There is no evidence that the project was ever begun, although the former mayor’s aides assert that the money was spent on studies and early contract work laying the groundwork for building.
When asked about corruption, local officials point to previous federal governments that enriched one side of town while ignoring the other.
The skewed development of still largely impoverished Zihuatanejo compared with the glittering stretch of luxury hotels, modern roads and swank nightclubs of the new Ixtapa resort area nearby is the most graphic result of what local officials say was corruption at the highest levels of previous Mexican governments.
Arturo Vargas Najera, Zihuatanejo’s director of urban planning, said the decision to develop Ixtapa--which is within the municipality that includes Zihuatanejo but several miles outside its centuries-old center--was made under the federal administration of former Mexican President Luis Echeverria Alvarez, who Najera and other local officials assert owned large tracts of land in the area targeted for massive tourism development.
“The phenomenon of corruption,” Najera said, sighing, “has become generalized throughout all of Mexico.
“What happened is, all the federal resources and development has gone into the Ixtapa side, and the people who flooded here to work in the new tourist resorts came to the Zihuatanejo side to live.
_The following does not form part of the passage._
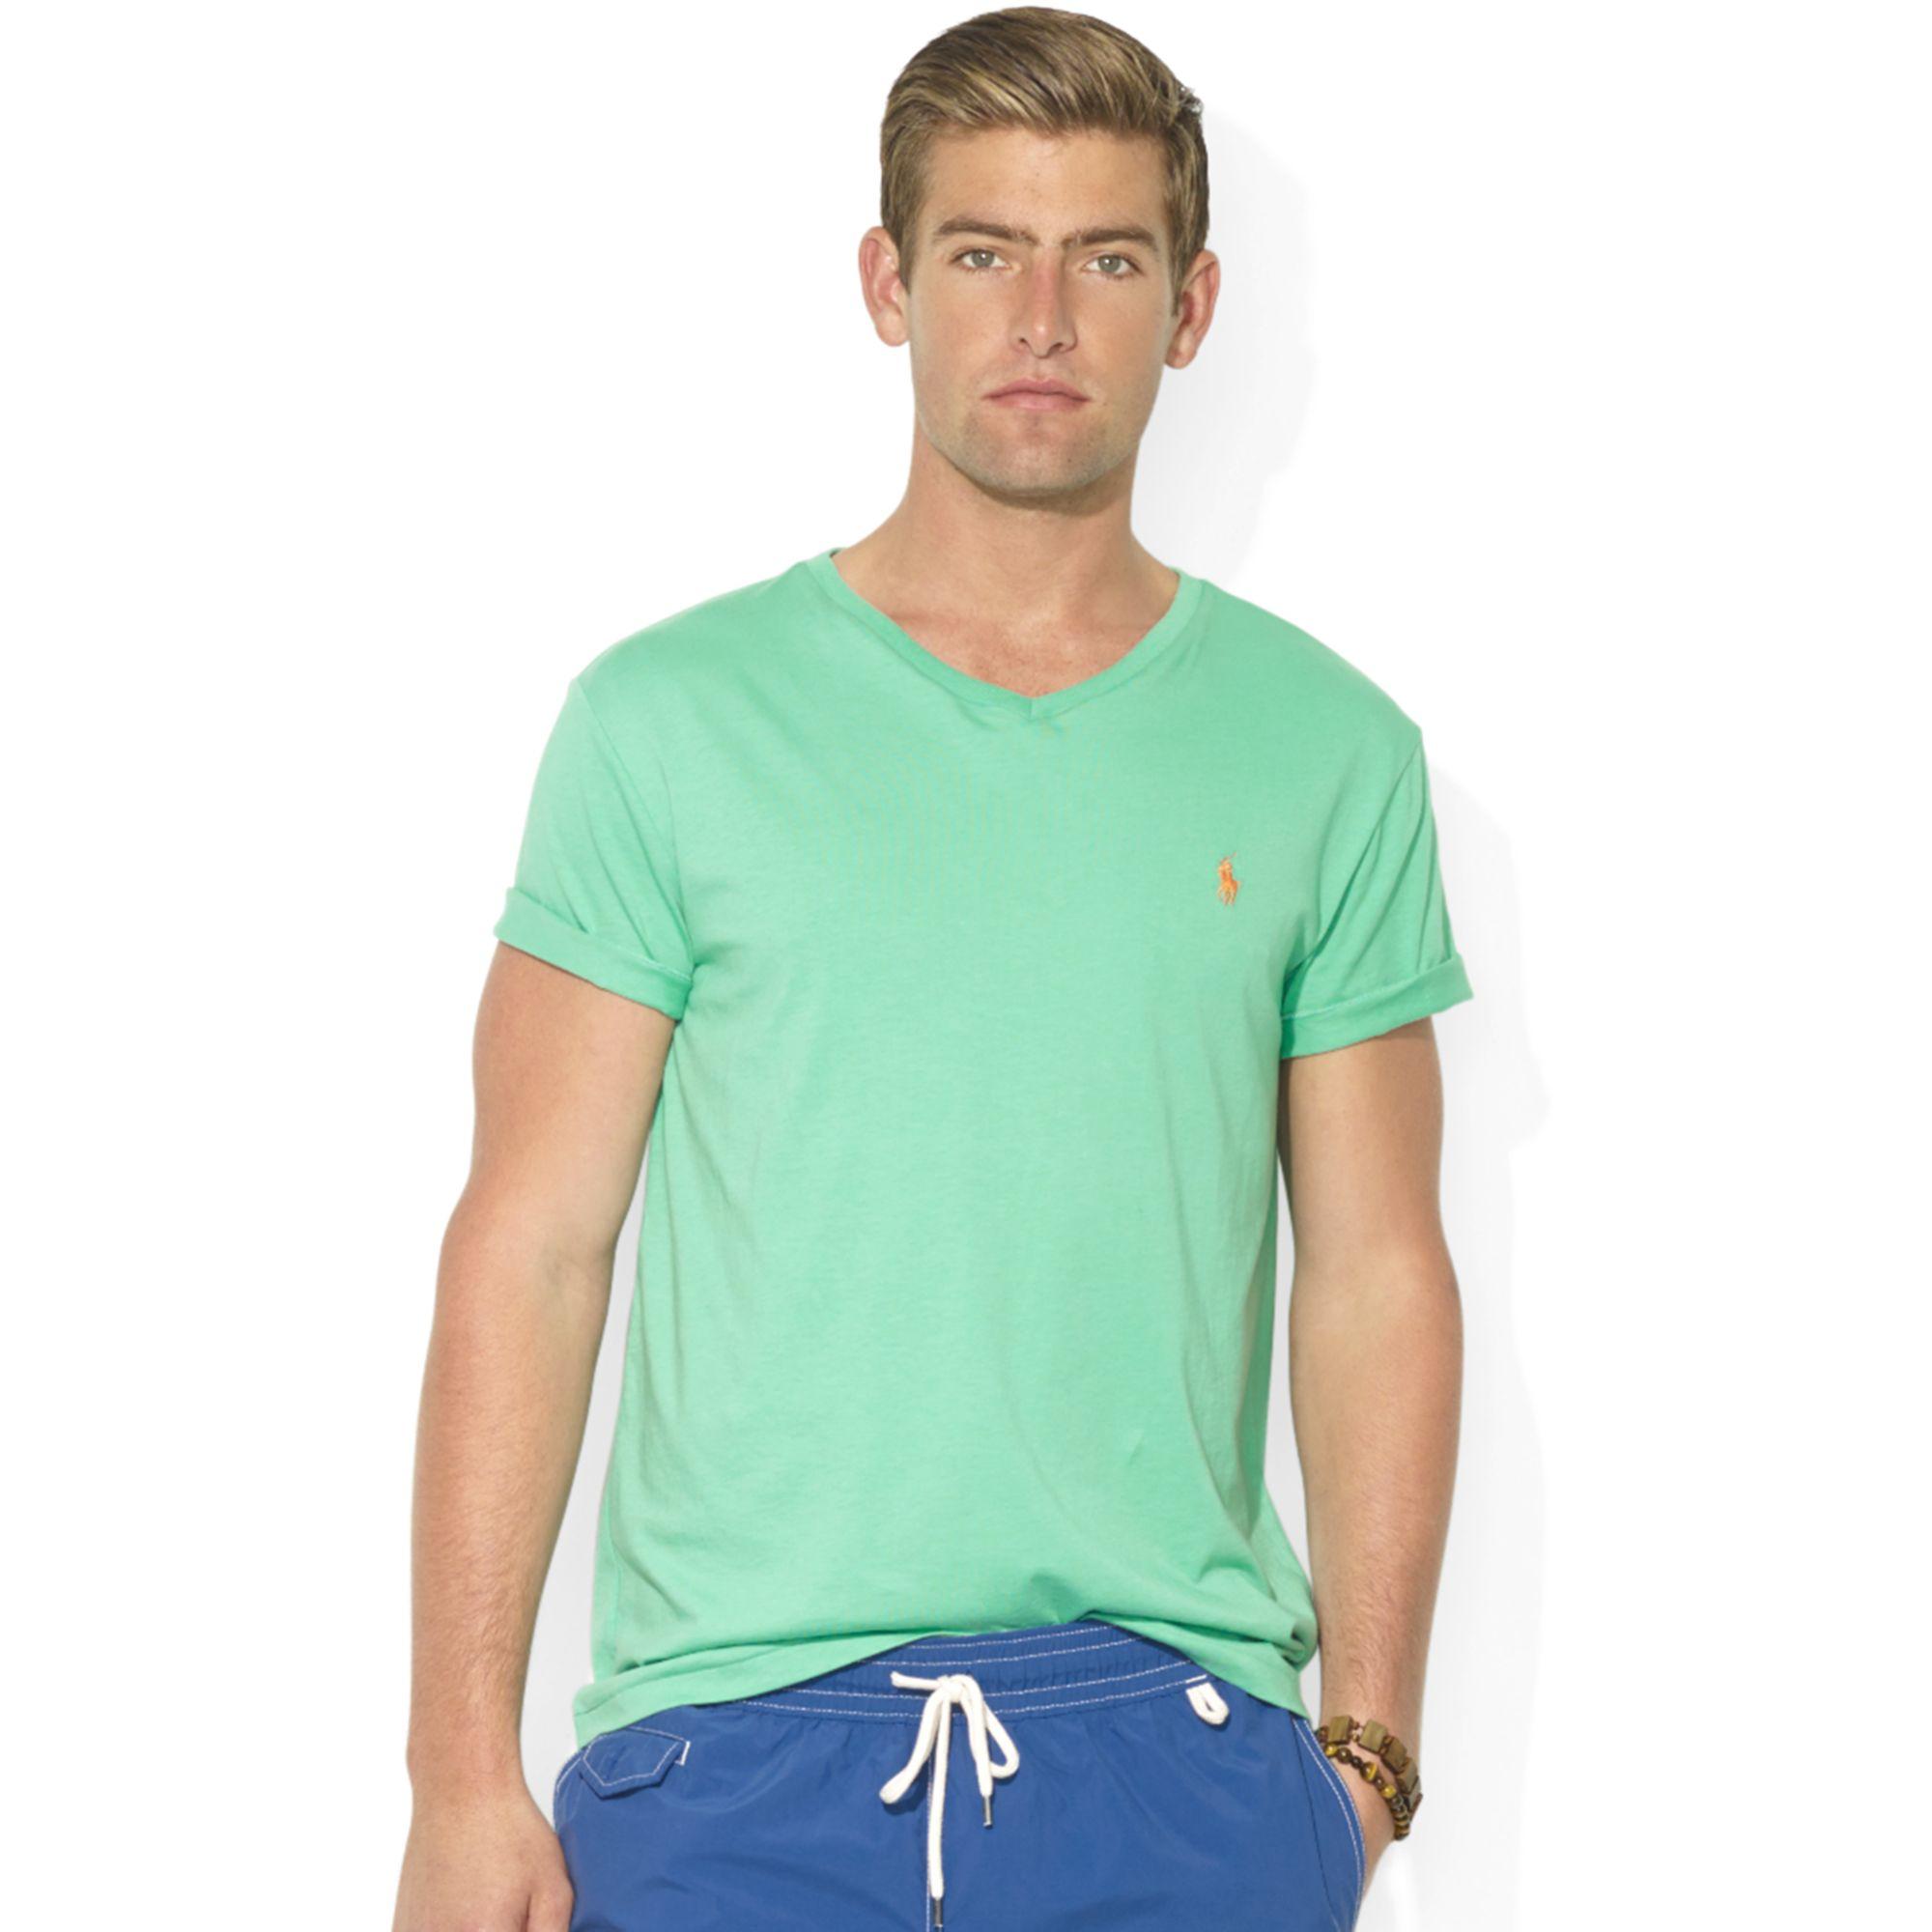 ralph lauren medium fit v neck cotton jersey t shirt in. Black Bedroom Furniture Sets. Home Design Ideas

They invaded land on this side, built shanties and put an enormous strain on City Hall’s few resources.”
The result, said local PRI leader Perez, is that “Ixtapa is Europe. Zihuatanejo is the Third World.”
Both Perez and Najera insisted that local corruption is not to blame for the sharp contrast in Zihuatanejo’s development. But Castro’s group--along with foreign and local business owners in town, opposition politicians and many residents interviewed randomly in the street--sharply disagreed.
“In general, companies that have wanted to come and invest here, when they see the level of corruption, they don’t want anything to do with Zihuatanejo,” PRD candidate De la Luz said.
Leigh Roth, a Berkeley resident who handles vacation rentals in Zihuatanejo, said that tourism has been booming in town for several years but that corruption--and the low credibility of local officials--has deterred developers and left Zihuatanejo with too few accommodations to meet demand, let alone grow.
“There’s a terrible problem with a lack of accommodations,” she said, noting that Zihuatanejo has two elegant, high-priced resorts mixed in with “a bunch of crumbling hotels,” while Ixtapa has nearly a dozen modern resorts.
“Very few are building because of the credibility problem here,” she said.
Roth is suing the owners of one of the few hotels under construction in town for allegedly violating a host of city codes in a project that was approved by Gonzalez’s government.
The new hotel has insufficient waste-treatment facilities and blocks the view of several dozen beachfront properties, her lawsuit asserts. Officials under the town’s new mayor said they are trying to resolve the dispute.
Castro and Sosa, who said their civic association was created specifically to stop corruption and encourage future development, said they sense that the local government that took office Dec. 1 is committed to ending corrupt practices.
“Corruption here and in Mexico in general is being erased little by little,” Sosa said. “But we believe that we need radical changes. We are a peaceful, social movement. We are not revolutionaries. And we are completely apolitical. All that concerns us is the . . . people.”
Already, however, Castro and Sosa said they feel that the group--by its very existence--has won a small victory.
“There’s a real phenomenon taking place in towns like this: The political awakening of the people,” Sosa said. “Before, the people said: ‘OK. Politicians steal. They rob from here. They rob from there. But we can still eat.’
“Now there’s a new feeling that the great resources of our town, of our country, should be shared more equally. There’s a feeling that the city’s money is the people’s money. The people are waking up. But it is, of course, only the beginning.”